Zach Toews commented on CASSANDRA-17025:
----------------------------------------

[~brandon.williams] To clarify, what we're seeing is the node with the long gc pauses is marked down by the other nodes while `nodetool status` on the down nodes says it is still up. While it is in this state the entire cluster becomes unresponsive until the down node is restarted.

> Direct memory OOM 
> ------------------
>
>                 Key: CASSANDRA-17025
>                 URL: https://issues.apache.org/jira/browse/CASSANDRA-17025
>             Project: Cassandra
>          Issue Type: Bug
>            Reporter: Zach Toews
>            Priority: Normal
>
> Version: 3.11.11
> Cluster: 9 nodes (1 dc, 3 racks) on aws r5.4xlarge nodes (16 vCPU, 128GB mem)
> Heap size: 20G
> Direct memory buffer: 24G
>  
> We stood up this cluster a few months ago in order to migrate an old 2.0 cluster. Since then, after about 7-10 days a node will begin to experience long old gc cycles  before logging many  "java.lang.OutOfMemoryError: Direct buffer memory" exceptions. When the long gc cycles start, the entire cluster becomes unresponsive (our application is unable to make queries to any node).

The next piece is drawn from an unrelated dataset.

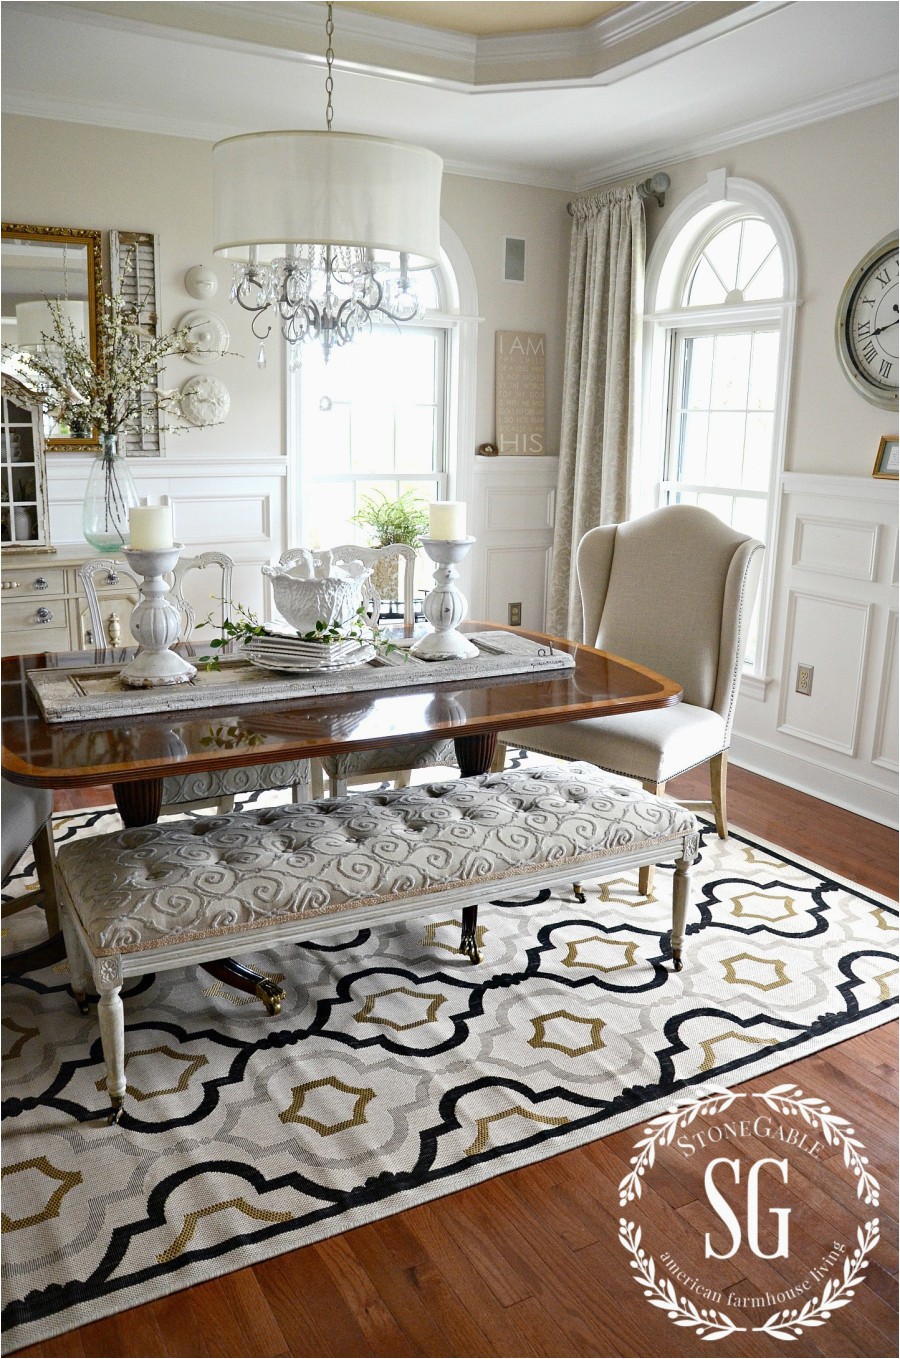 Best Type Of area Rug for Dining Room 5 Rules for Choosing the Perfect Dining Room Rug Stonegable
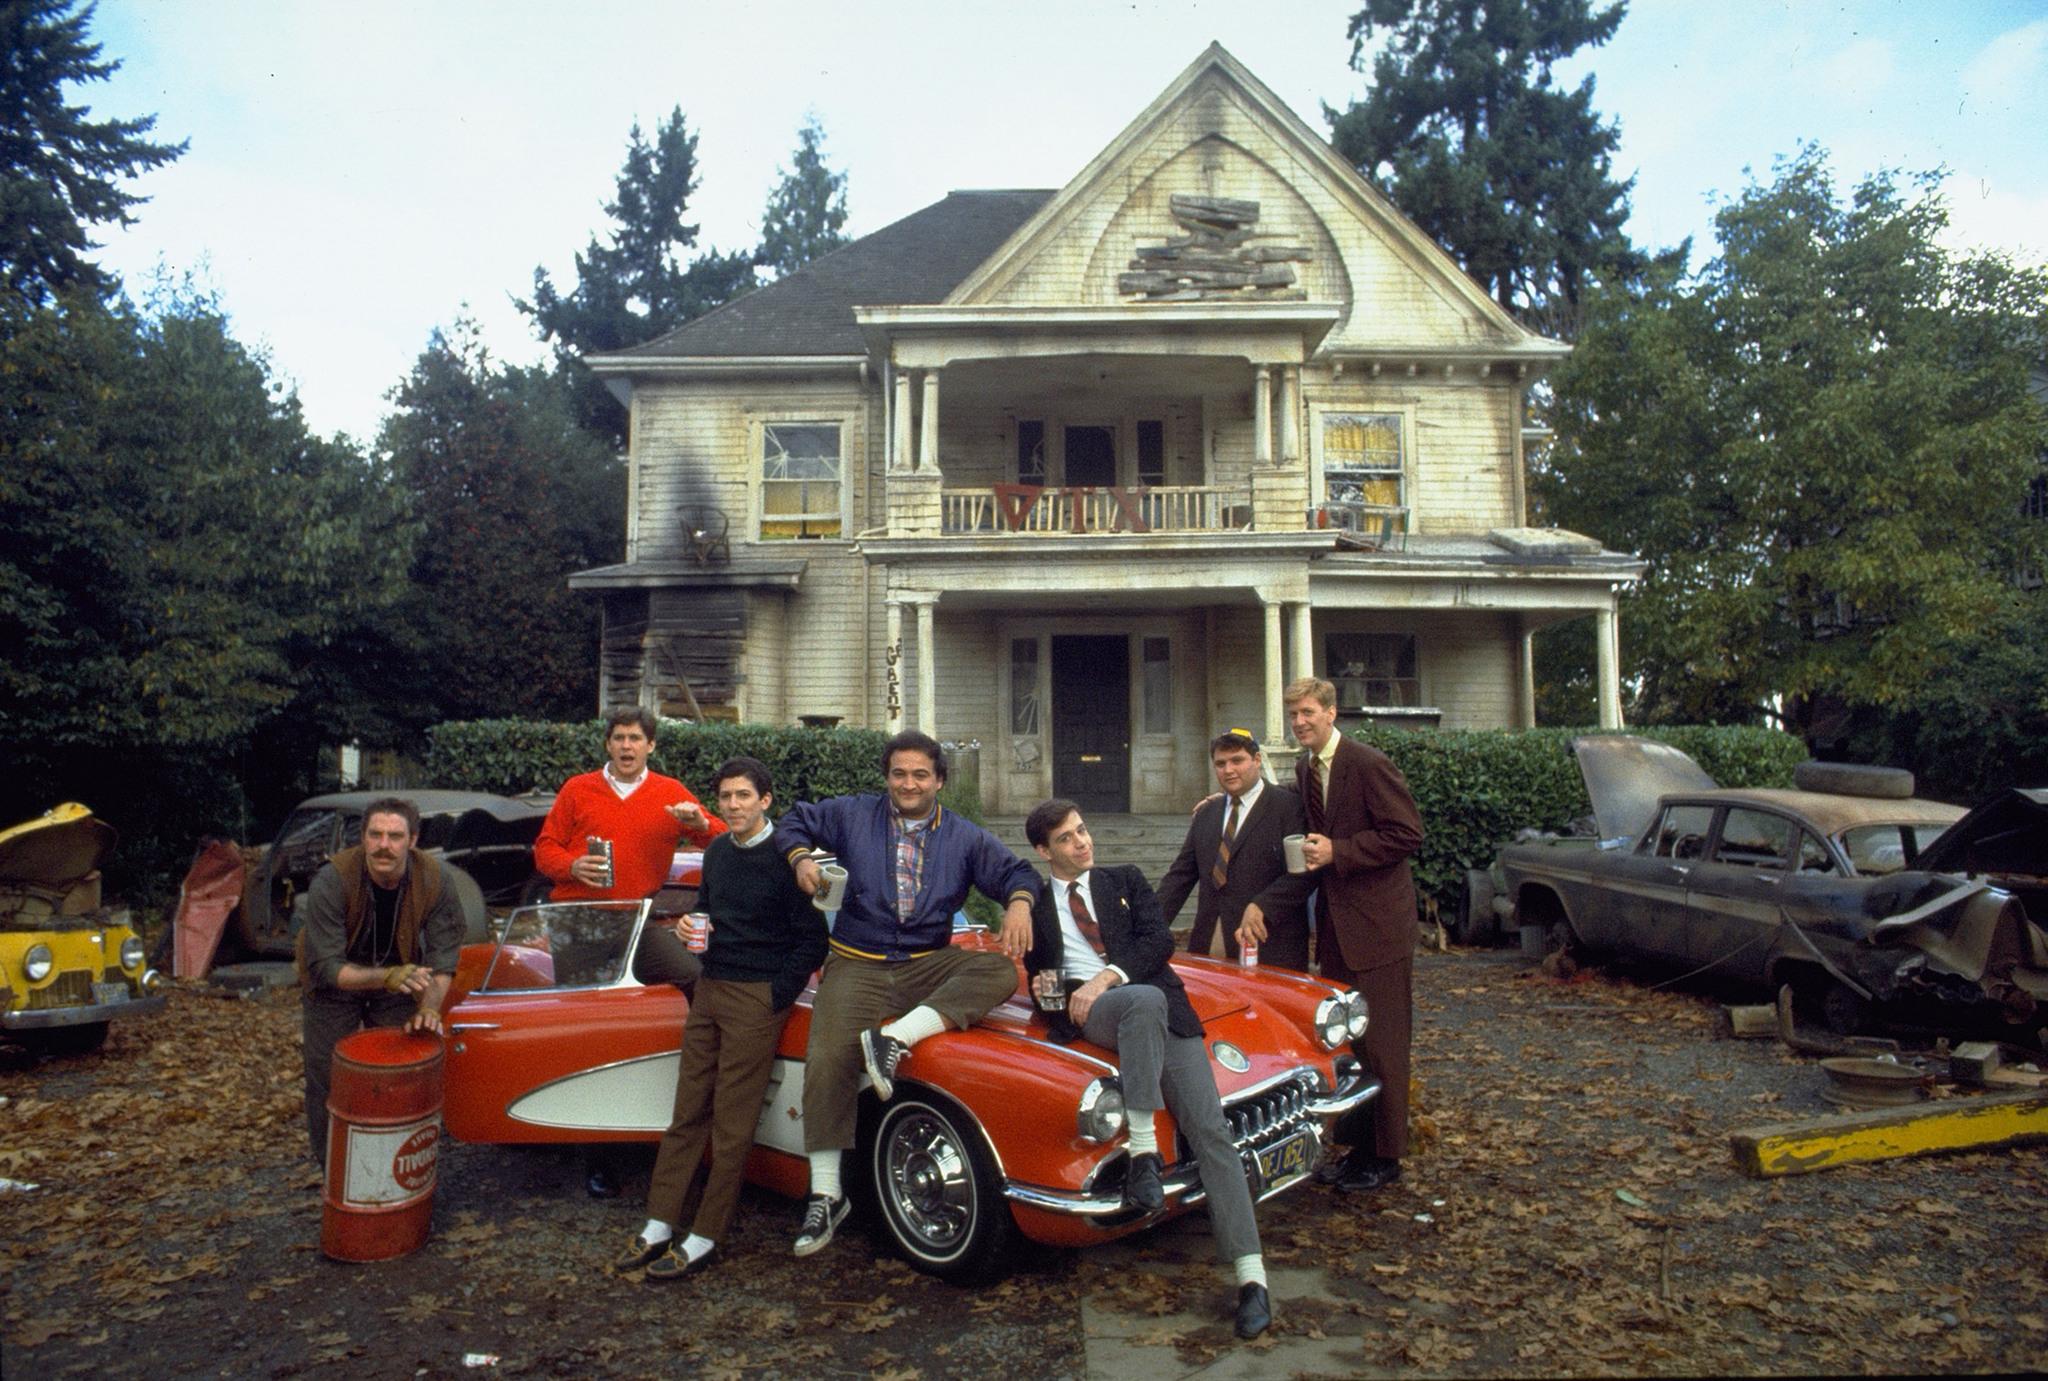 still-of-john-belushi-tom-hulce-tim-matheson-stephen-furst-bruce-mcgill-peter-riegert-and-james-widdoes-in-animal-house-1978-large-picture.jpg

> Restarting cassandra on the failing node resolves the problem, then we have to restart every other node in the cluster to prevent them from getting into the same state.
>  
> We have attempted to:
>  * Increase -XX:MaxDirectMemorySize
>  * Increase -Djdk.nio.maxCachedBufferSize
>  * Update cassandra from 3.11.10 to 3.11.11
> None of these have resolved the problem.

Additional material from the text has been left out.